On the day of the deadly Brooklyn fire, at least four men surrounded, robbed, and assaulted another sleeping man on a Queens 7 train.
The man resisted, and one of the attackers was fatally stabbed – and (until now) he He does not face charges; The surviving thieves do.
Violence begets justified violence. If progressives don't like it, they should stop doing it first violence.
how?
Scratch the surface of a murder or near-murder on the subway, and it's easy to spot the problem.
The suspect in the mid-December fire, 33-year-old Sebastian Zabieta Calil, entered the country illegally after being deported under Trump.
Zabita Kalil is an extreme example of why inviting tens of thousands of unscreened young people with nothing to do to your country is bad policy – especially If you will not enforce low-level laws that rein in misconduct.

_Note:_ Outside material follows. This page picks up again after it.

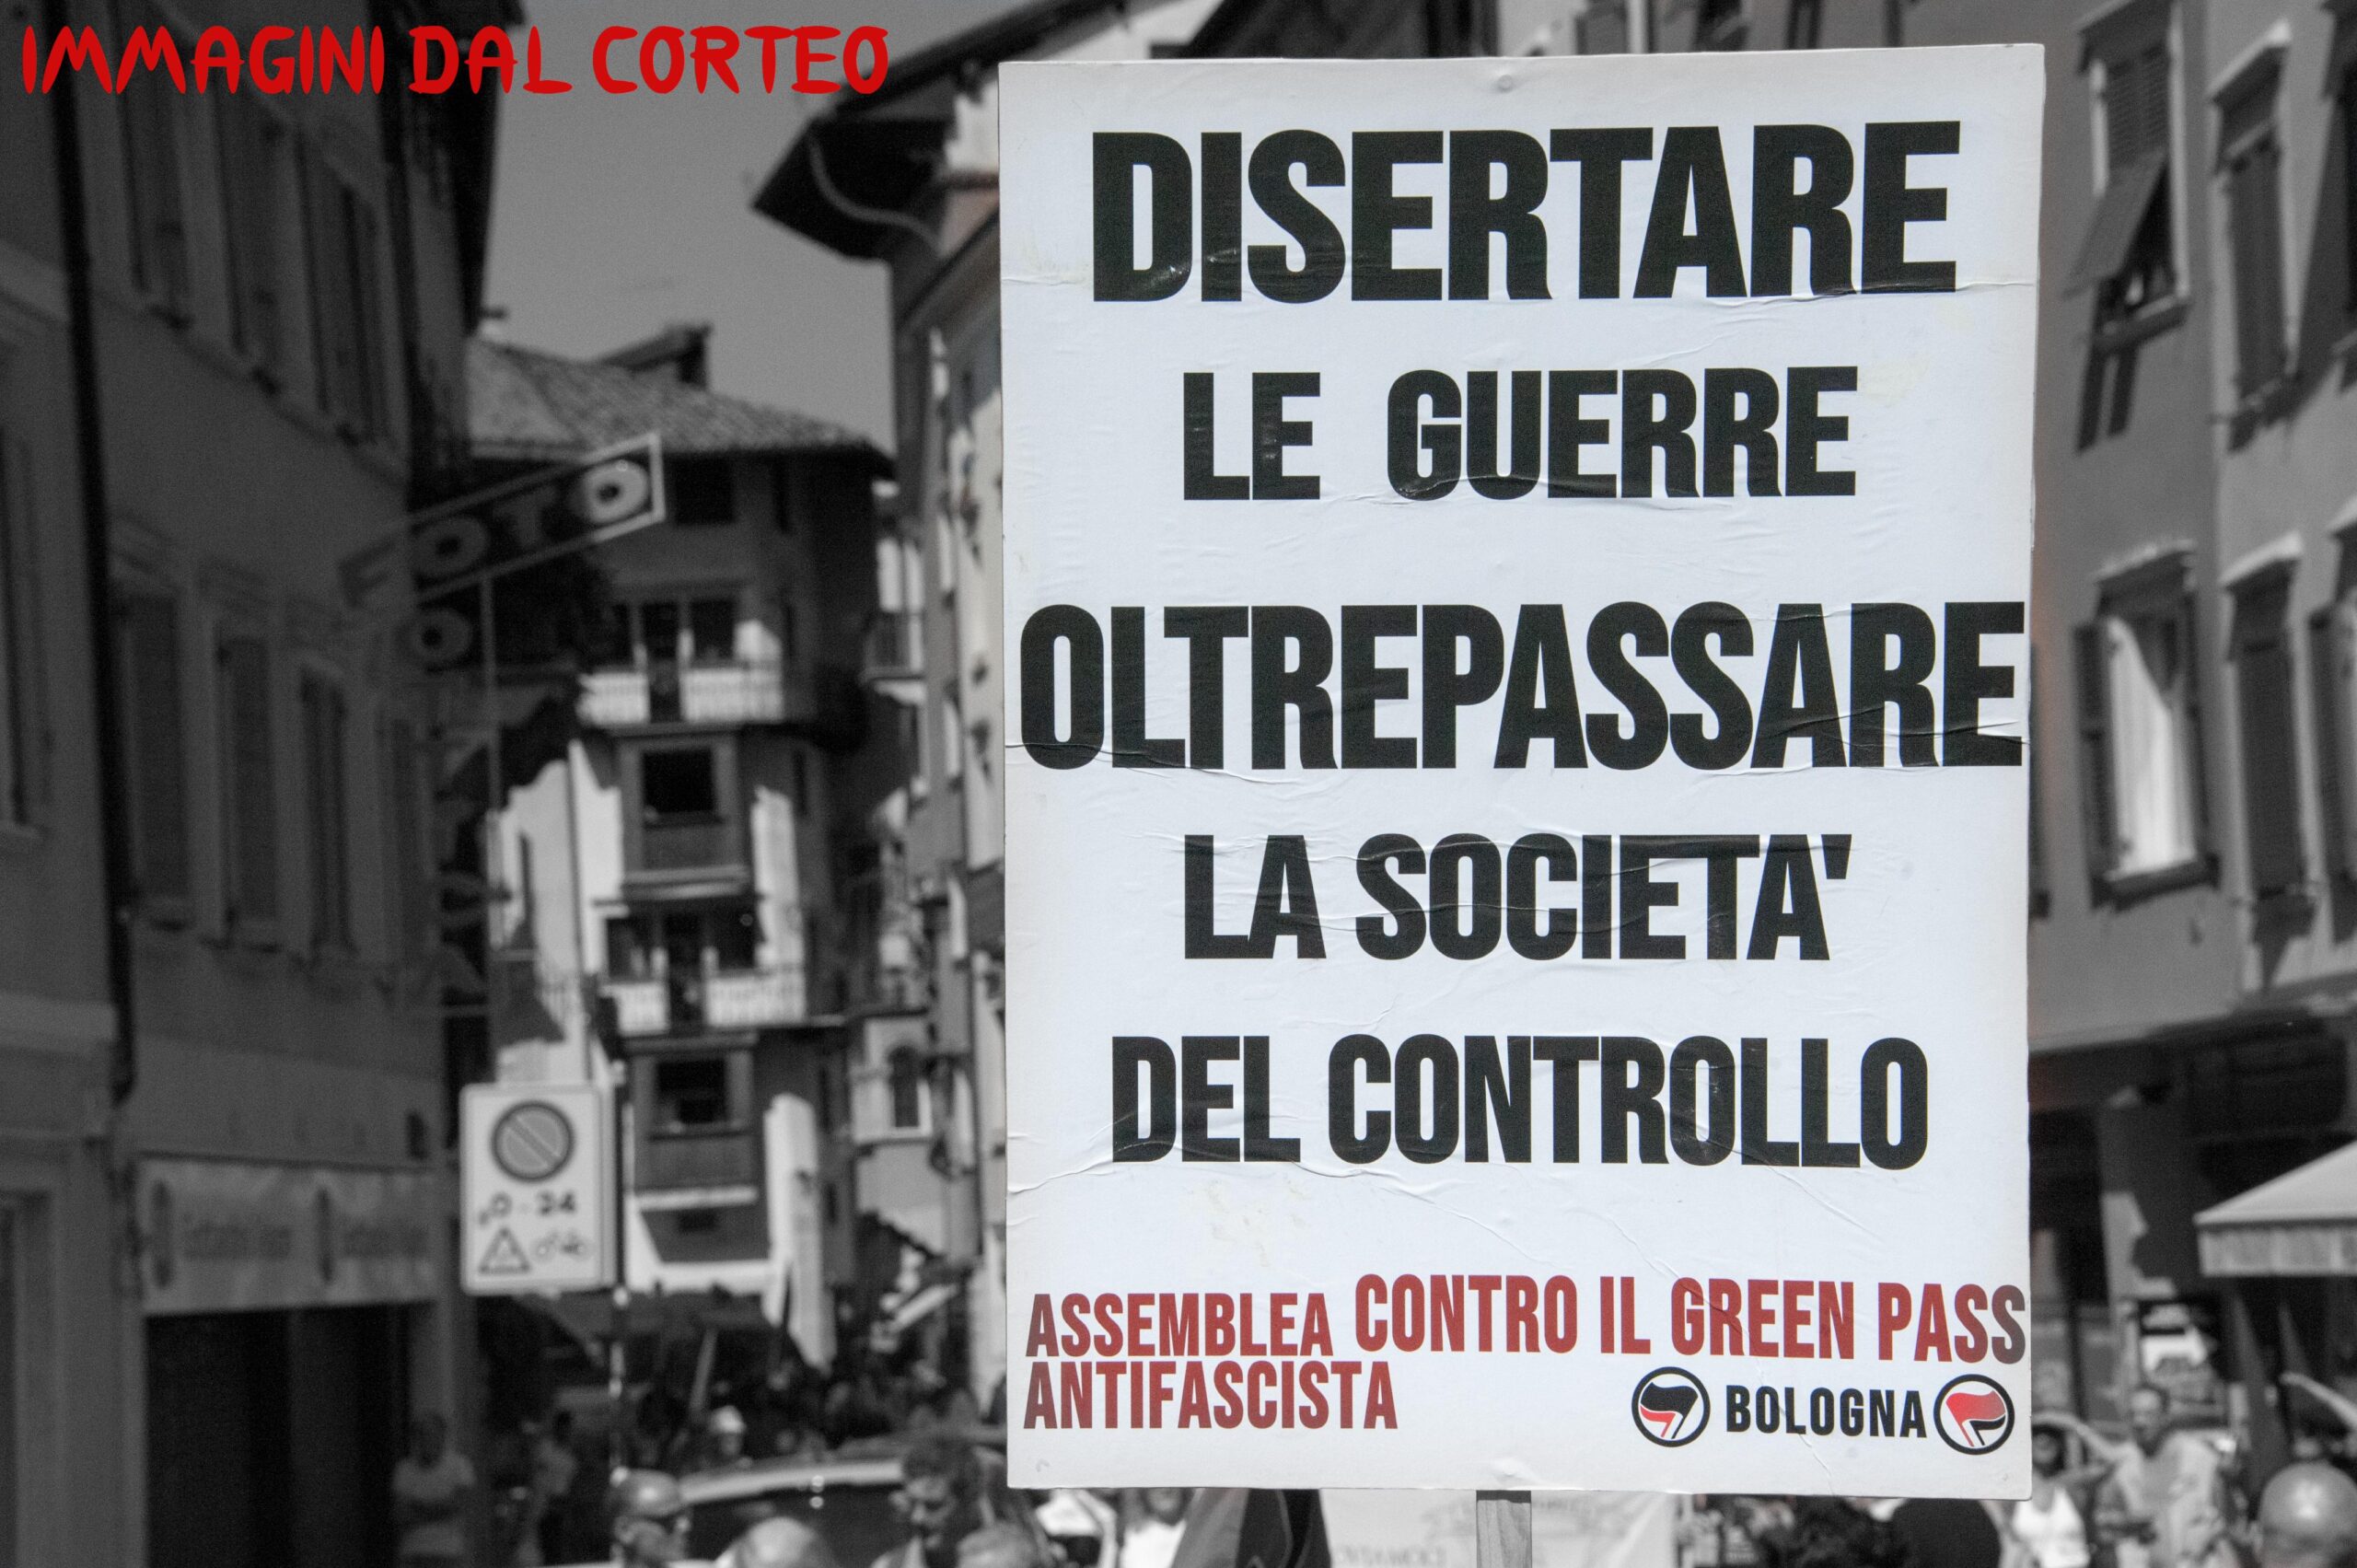 Assemblea antifascista contro il gp di bologna-immagini del corteo

He was exploiting our shelters, getting high on synthetic marijuana and drinking alcohol.
Neely, whose death on the Manhattan F train sparked the Penney trial, was also high on K2 when he threatened passengers.
New York, having decriminalized drug use, does so nothing To prevent such psycholeptic poisoning.
Or take other than last week–The fatal stabbings in Grand Central — allegedly committed by Jason Sargeant, a man with a history of arrests for criminal mischief, battery and assault of an officer.
Elected officials don't want people like Penny defending others on the subway, but they won't protect us from predictable violence.
So our subway system becomes every strong man for himself, with the weaker people on their own.
Nicole Gelinas is a contributing editor for the Manhattan Institute's City Journal.